Some auto brands redistribute their existing production capacity, and tend their limited production resources to high-end models with higher profits and key models with better sales. For example, Honda adjusted resources to ensure CR-V by "reducing production" of Civic; The company began to let some new cars have some configurations of the car companies, such as reducing wireless charging, electric lumbar support, digital keys, advanced audio and other configurations that do not affect safe driving; turning the original pre-installed chips into "after-sales service", such as Ford said that it will Sell ​​"semi-finished" vehicles that lack some chips for non-safety-critical functions, and promise to send the chips back to dealers a year later.

  "When developing models in the future, we may consider 'Plan A' and 'Plan B'. Once there is a shortage of parts in 'Plan A', we will use 'Plan B' to replace it." GAC Group said, "The lack of cores "Under the environment, in the short term, we will still focus on securing more supplies.

At present, production is scheduled on a weekly basis, giving priority to those models that can achieve mass supply of parts and components, and will arrange for resident personnel to follow up every week.

  2 Self-sufficiency

  OEMs are trying to change the traditional supply chain cooperation model and begin to choose to seek direct cooperation with chip manufacturers to get rid of the previous over-reliance on Tier 1.

BYD is a typical example. It has its own BSC brake safety control system in cooperation with Bosch, so it is not affected by the ESP shortage.

According to reports, last year BYD helped many domestic OEMs to solve some of their urgent needs through the chip replacement technology solution.

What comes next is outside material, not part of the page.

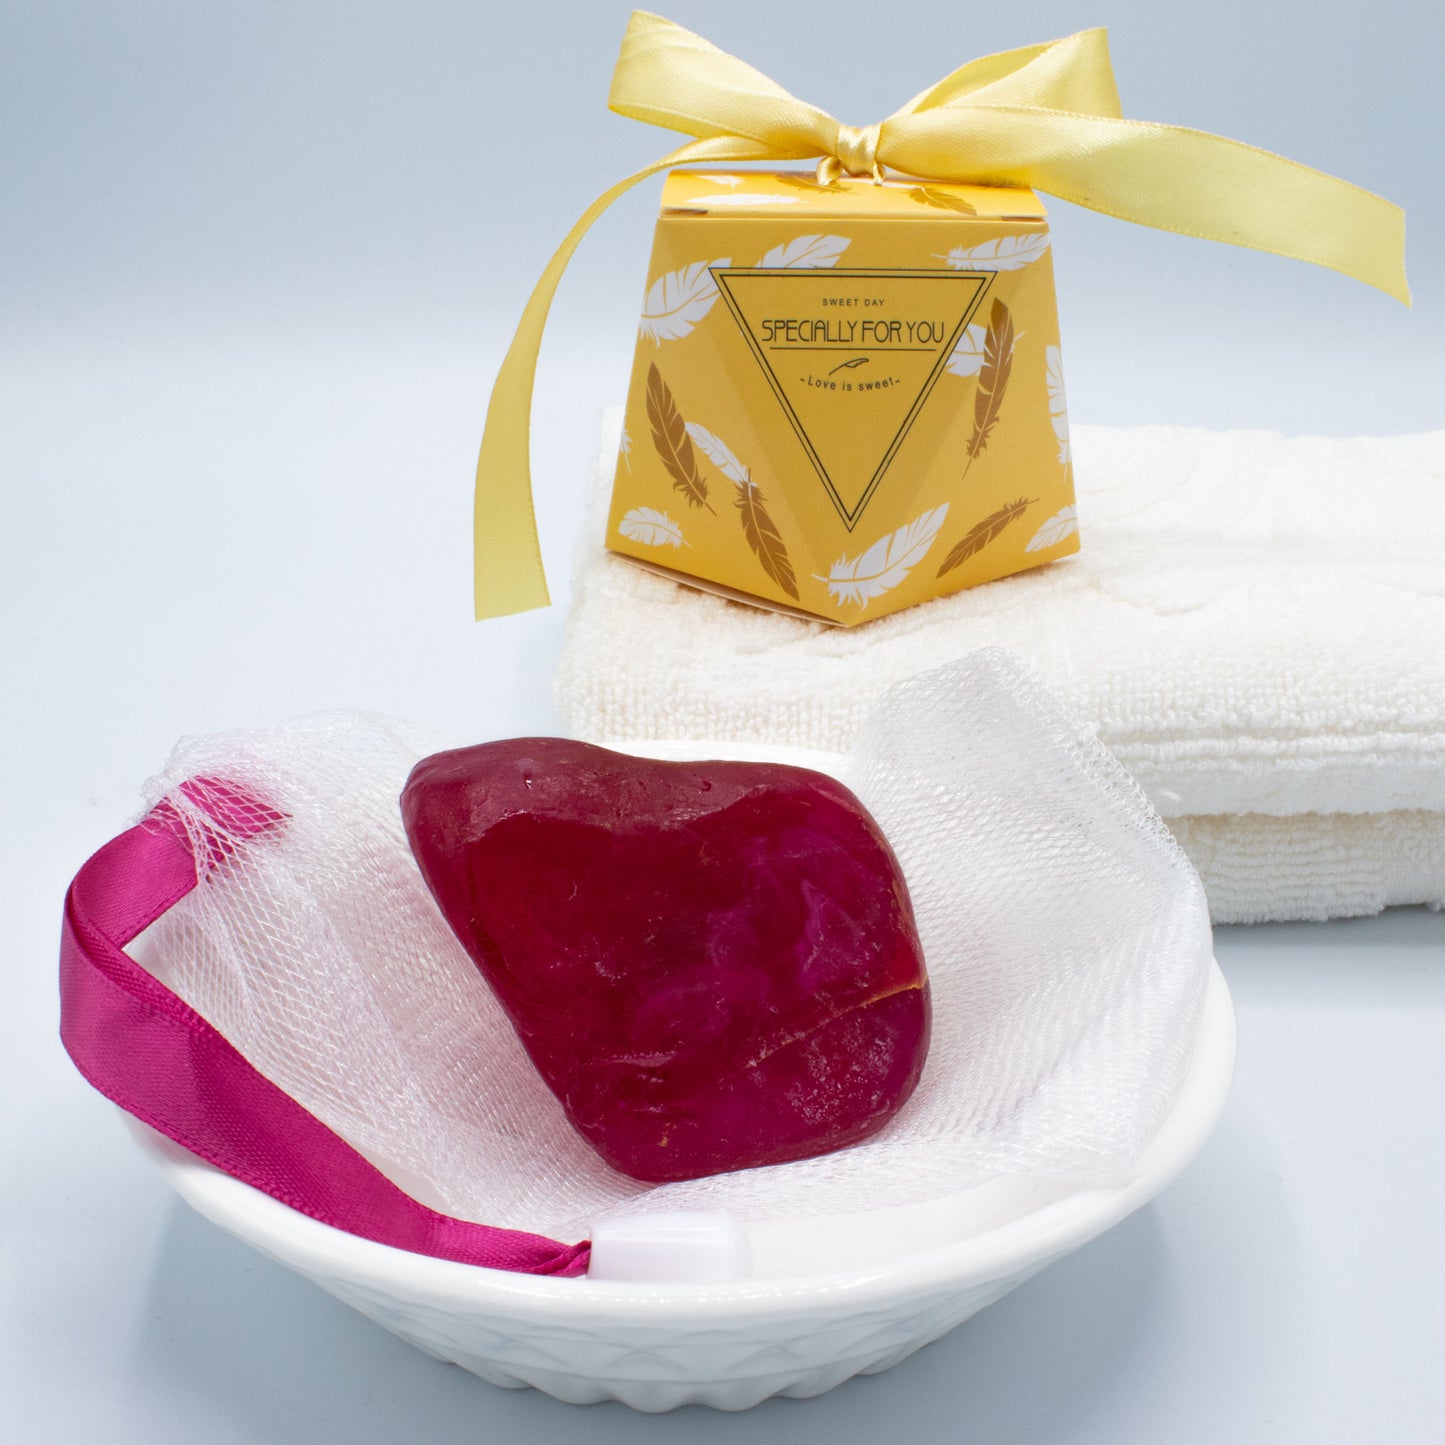 Diamantseife · Kristallseife · Rubin mit dem Duft nach Sommerrose · Handmade mit ätherischen Ölen - AMADO-SelfCare
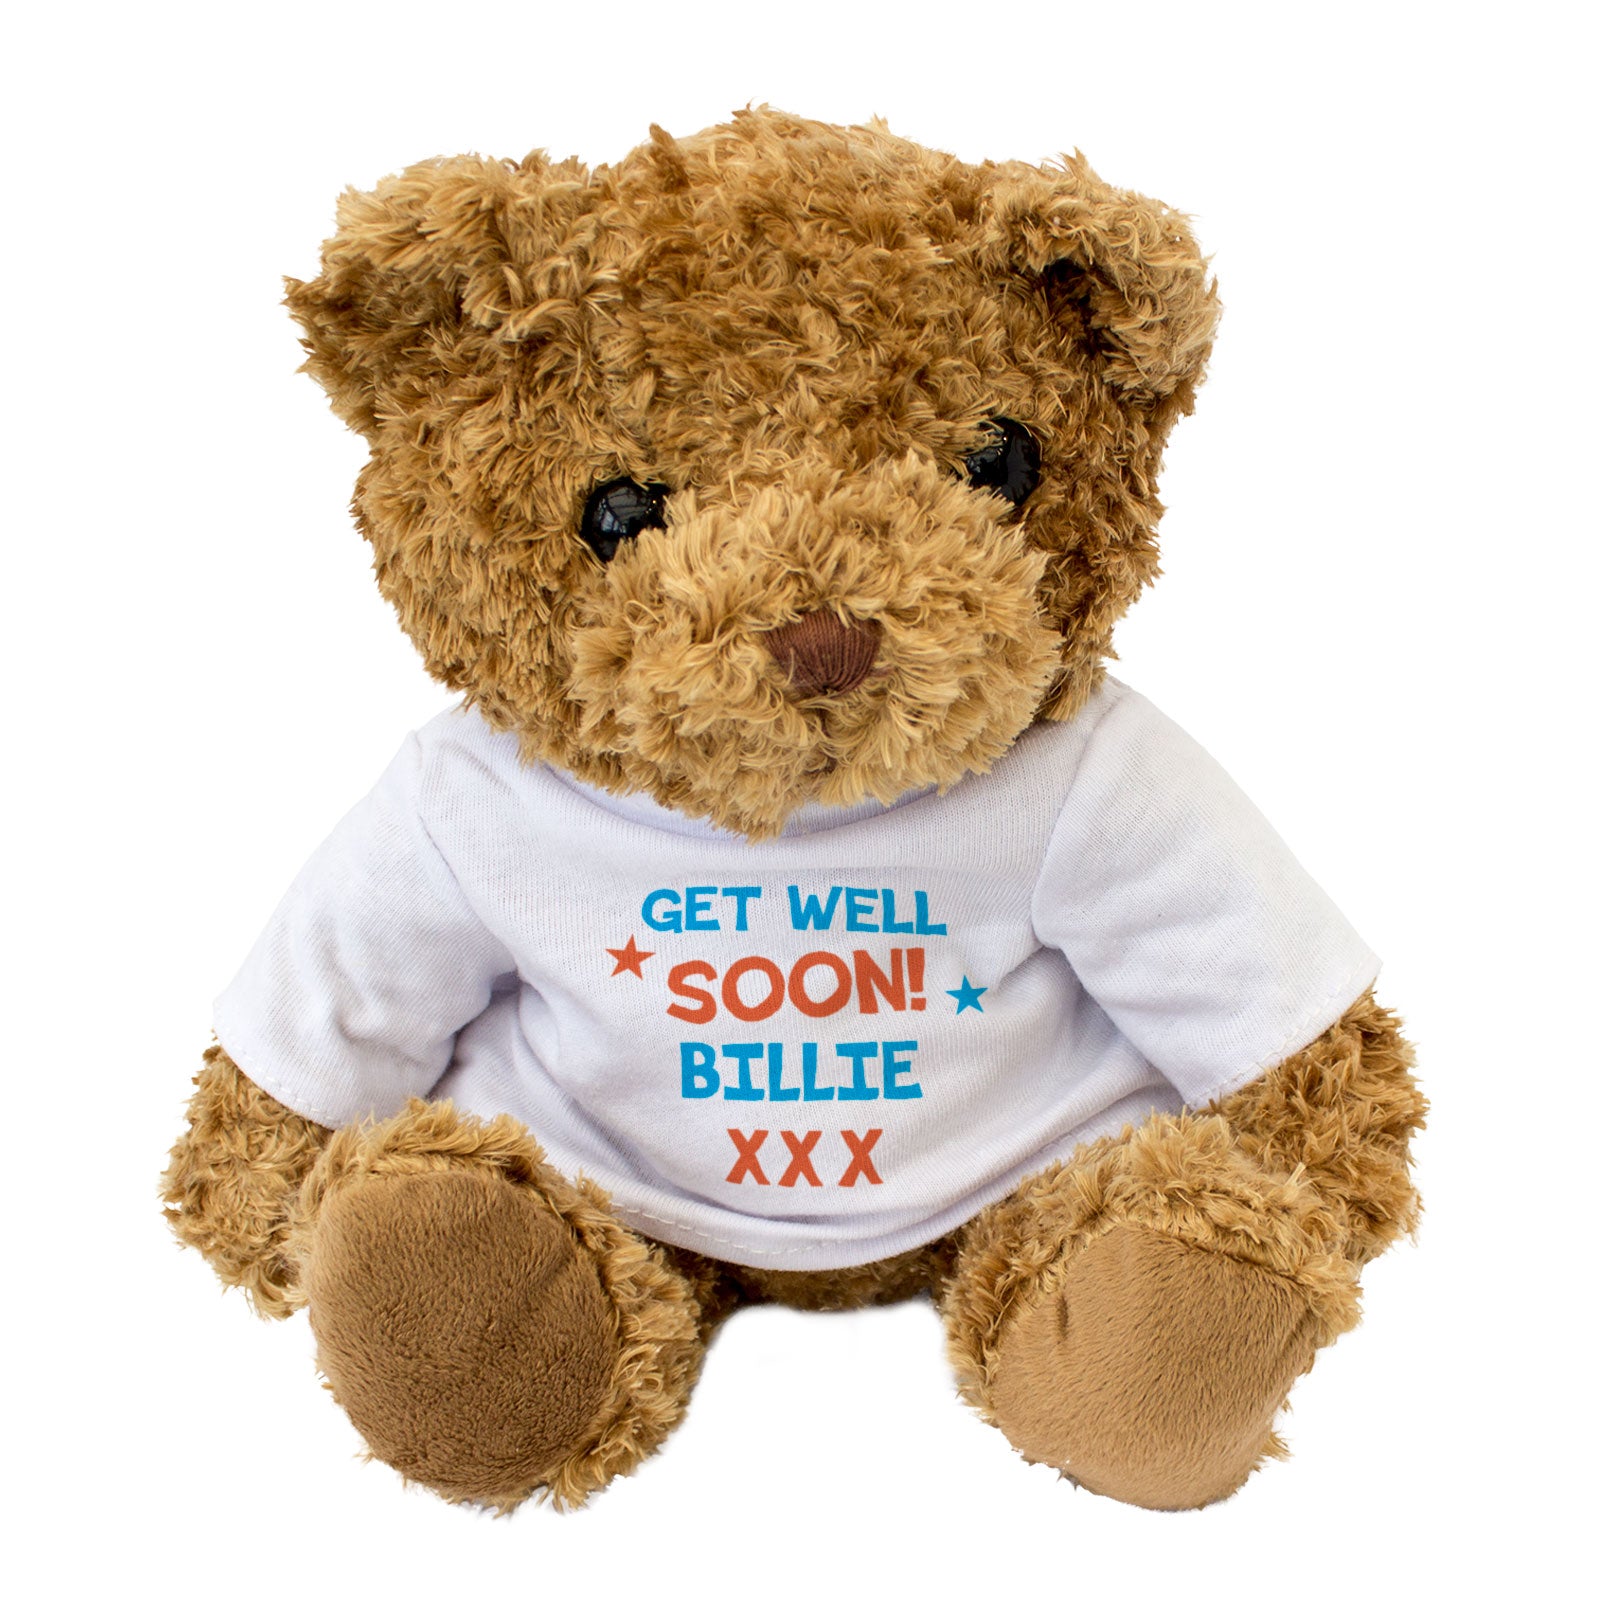 Get Well Soon Billie - Teddy Bear

  Since the beginning of this year, "becoming a source supplier yourself" has become the goal of some automakers.

Industry insiders predict that it will become a trend to choose to cooperate directly with chip manufacturers to jointly develop, design, manufacture and package chips.

  3 Reduce chip usage

  Tesla, which has been adversely affected by the supply of automotive-grade chips, responded by rewriting the firmware and using alternative chips to reduce its dependence on Tier 1 suppliers.

It is reported that Tesla's electrical and firmware teams are designing, developing, and validating new microcontrollers, with 19 types.

Volkswagen Group CEO Diess even praised Tesla's "developing a new controller to solve the problem of lack of cores".